# Wing Chun Instruction in Washington State?



## SwedishChef (Nov 20, 2008)

Hello.  After being a fan of wing chun for several years I've decided to take the plunge.  I'm looking for instruction, be it a school or group or private class in my area.  I live nearish to Seattle in what we call around here "The Eastside".  I know there are a few schools and teachers in Seattle but I'm looking for something a little closer to me.  If anyone knows of somewhere I can learn in Bellevue, Kirkland, Redmond or somewhere near I would really appreciate it.  

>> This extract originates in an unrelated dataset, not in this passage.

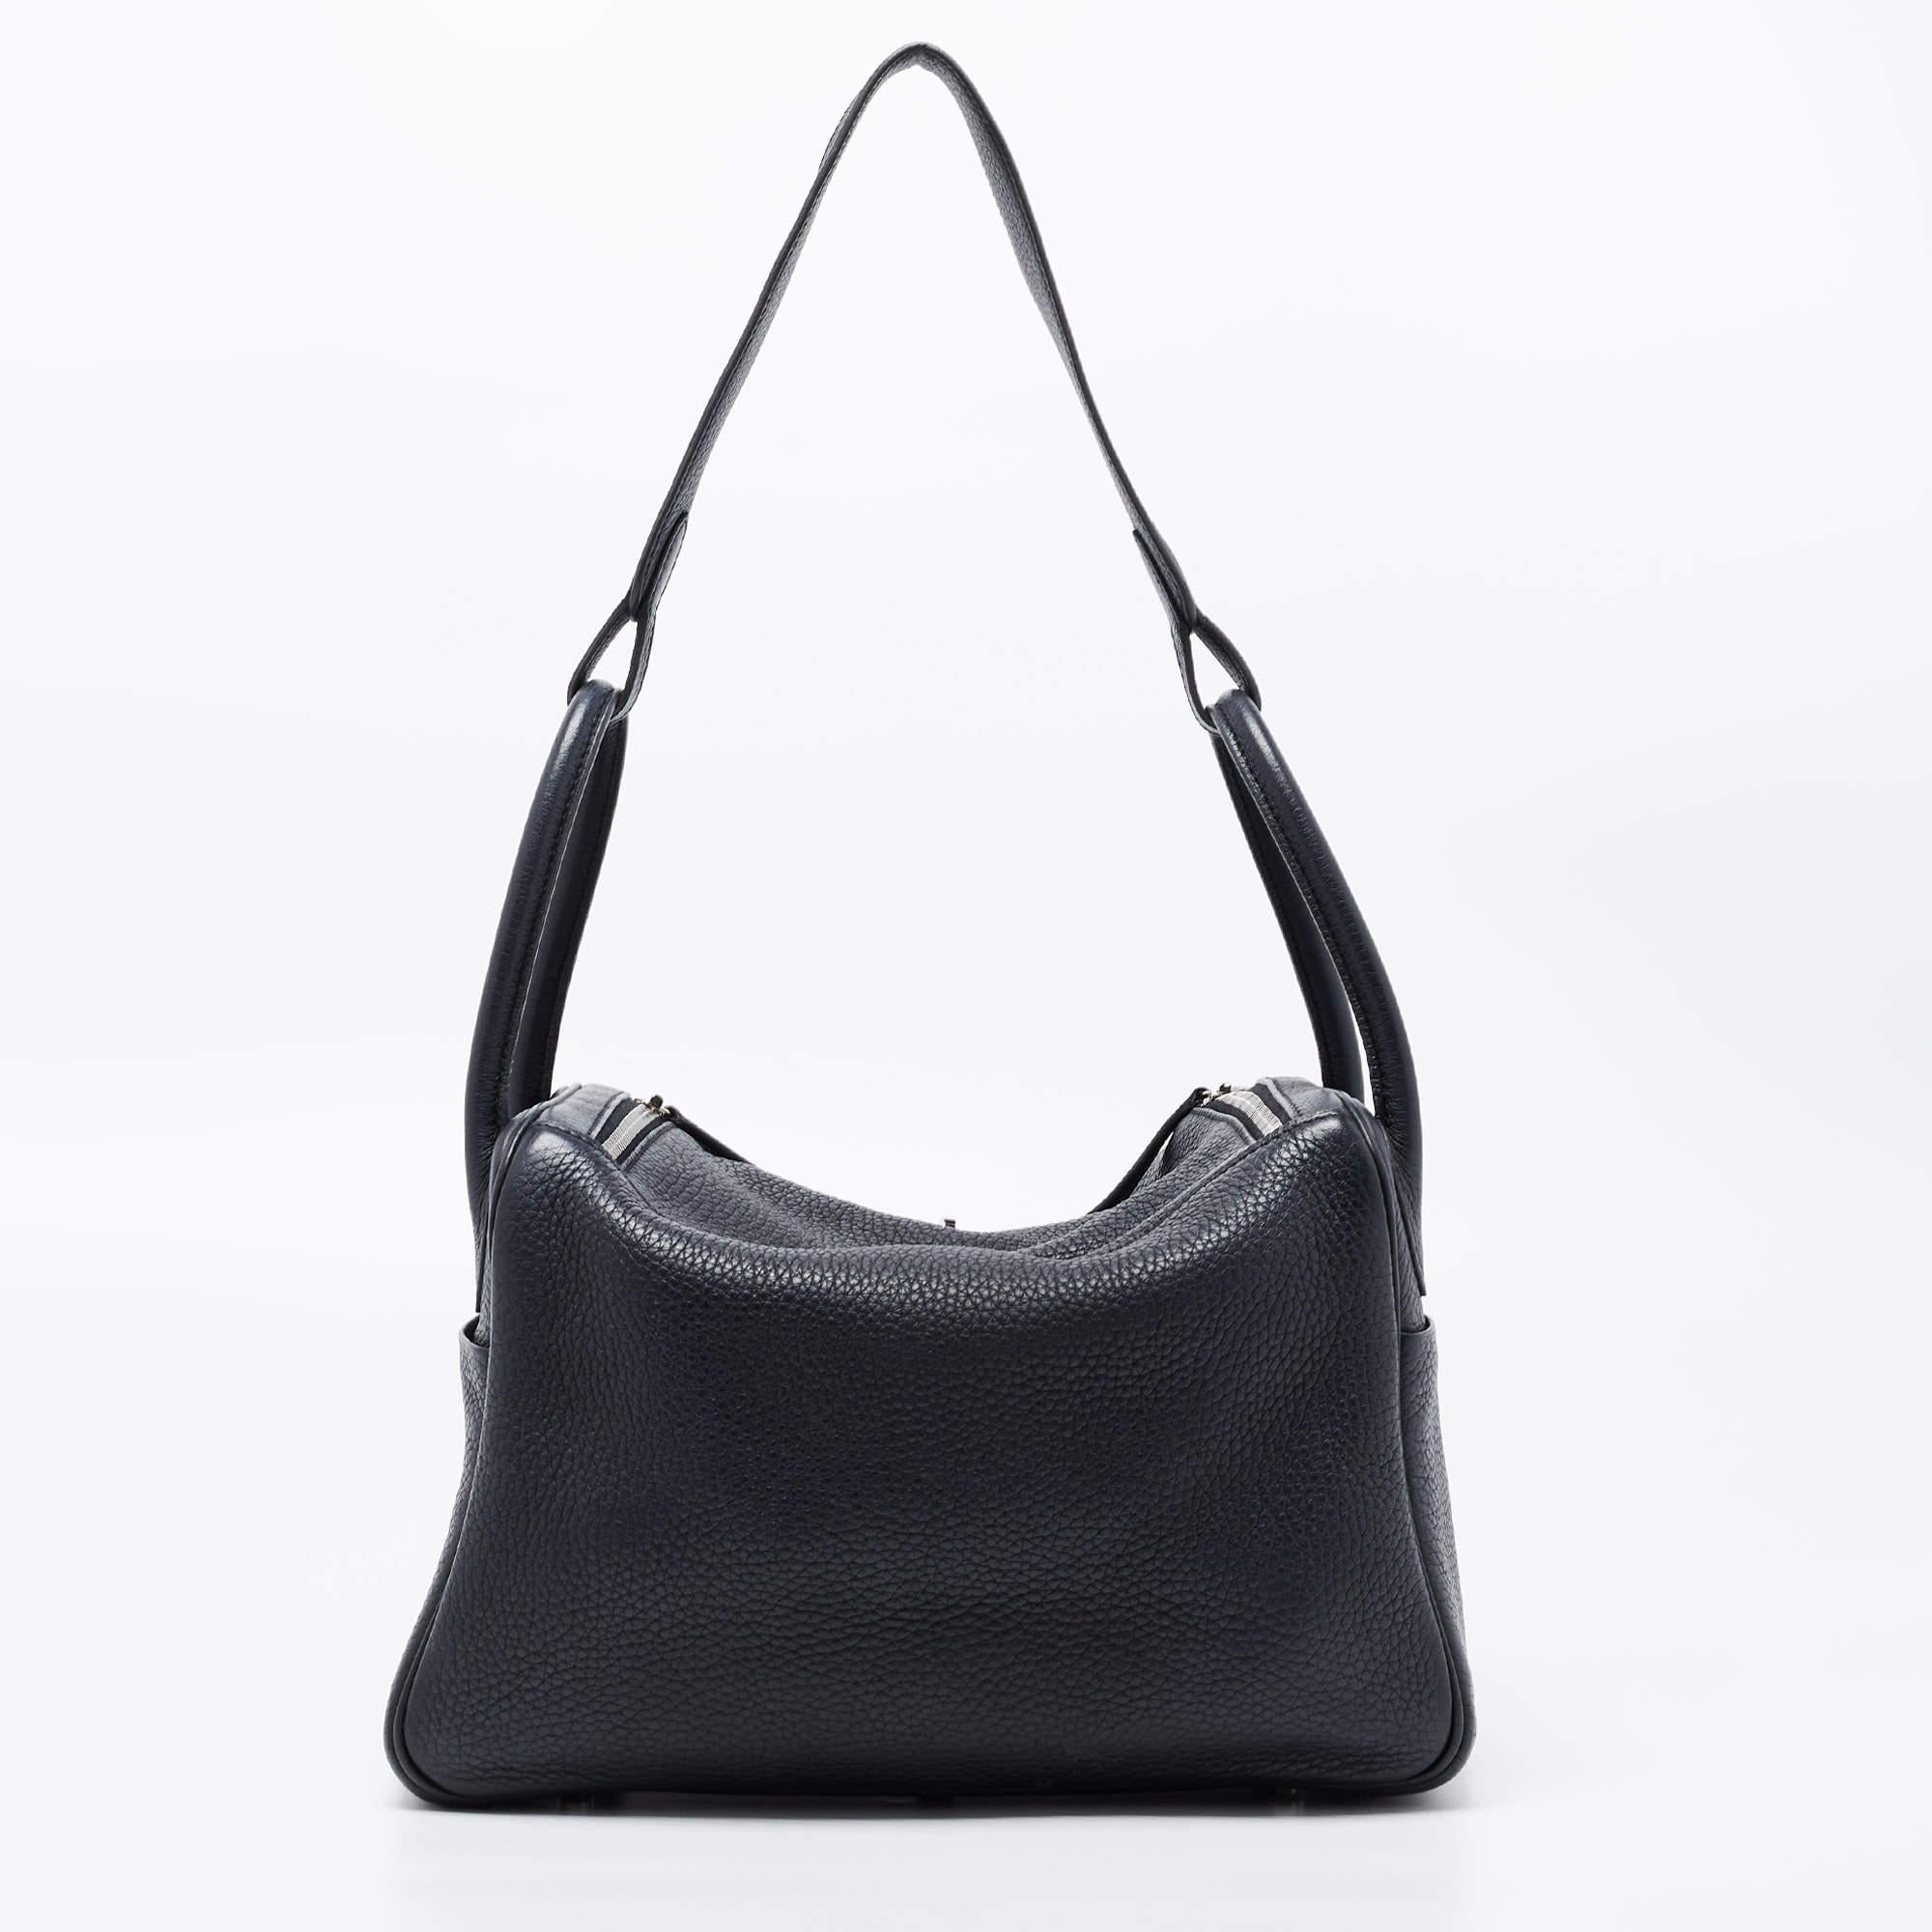 The Hermes Lindy was first designed in 2006, and it is recognized worldwide for its relaxed design. A creation of excellent craftsmanship, the Lindy sweetly embodies ladylike elegance! Exquisitely crafted from black Clemence leather, the bag has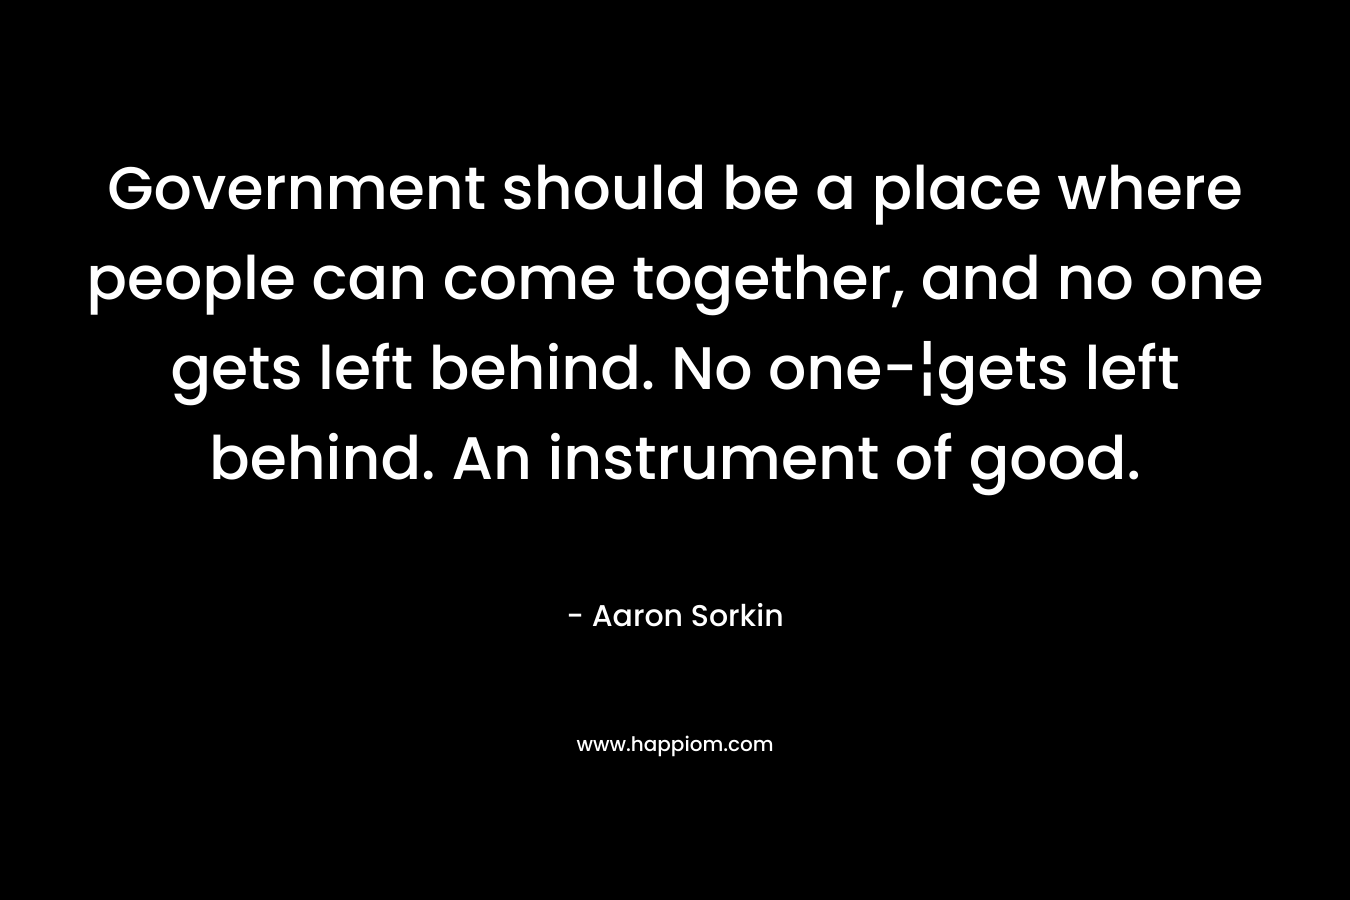 Government should be a place where people can come together, and no one gets left behind. No one-¦gets left behind. An instrument of good.

I know there used to be a Lee's Classical Wing Chun on the Eastside but I don't know if it still exists or not.  

Thank you.


----------



## yak sao (Nov 21, 2008)

Check out www.wingtsjun.com

There is a student in Wash. of Sifu Thommy Bholig of Germany


----------



## SwedishChef (Nov 22, 2008)

Thanks.  I'll check it out.


----------



## Yoshiyahu (Dec 5, 2008)

*Swedish Chefs* have you had any success in finding a Wing Chun Tong in your aread?


----------



## SwedishChef (Dec 10, 2008)

I have been in contact with Adrian Weaver who is Thommy Bohlig's student.  I am going to observe a class next thursday, so I may have.  We'll see.  Do you know of any others?


----------



## Yoshiyahu (Dec 11, 2008)

Oh so are they in your area?

Does Adrian and Thommy teach Wing Chun?





SwedishChef said:


> I have been in contact with Adrian Weaver who is Thommy Bohlig's student. I am going to observe a class next thursday, so I may have. We'll see. Do you know of any others?


----------



## SwedishChef (Dec 11, 2008)

Yes they do.  Adrian's class is within 20 miles of me.


----------



## Yoshiyahu (Dec 11, 2008)

Aww Excellent tell us about the class once you check it out...I hope its a great fit!




SwedishChef said:


> Yes they do. Adrian's class is within 20 miles of me.


----------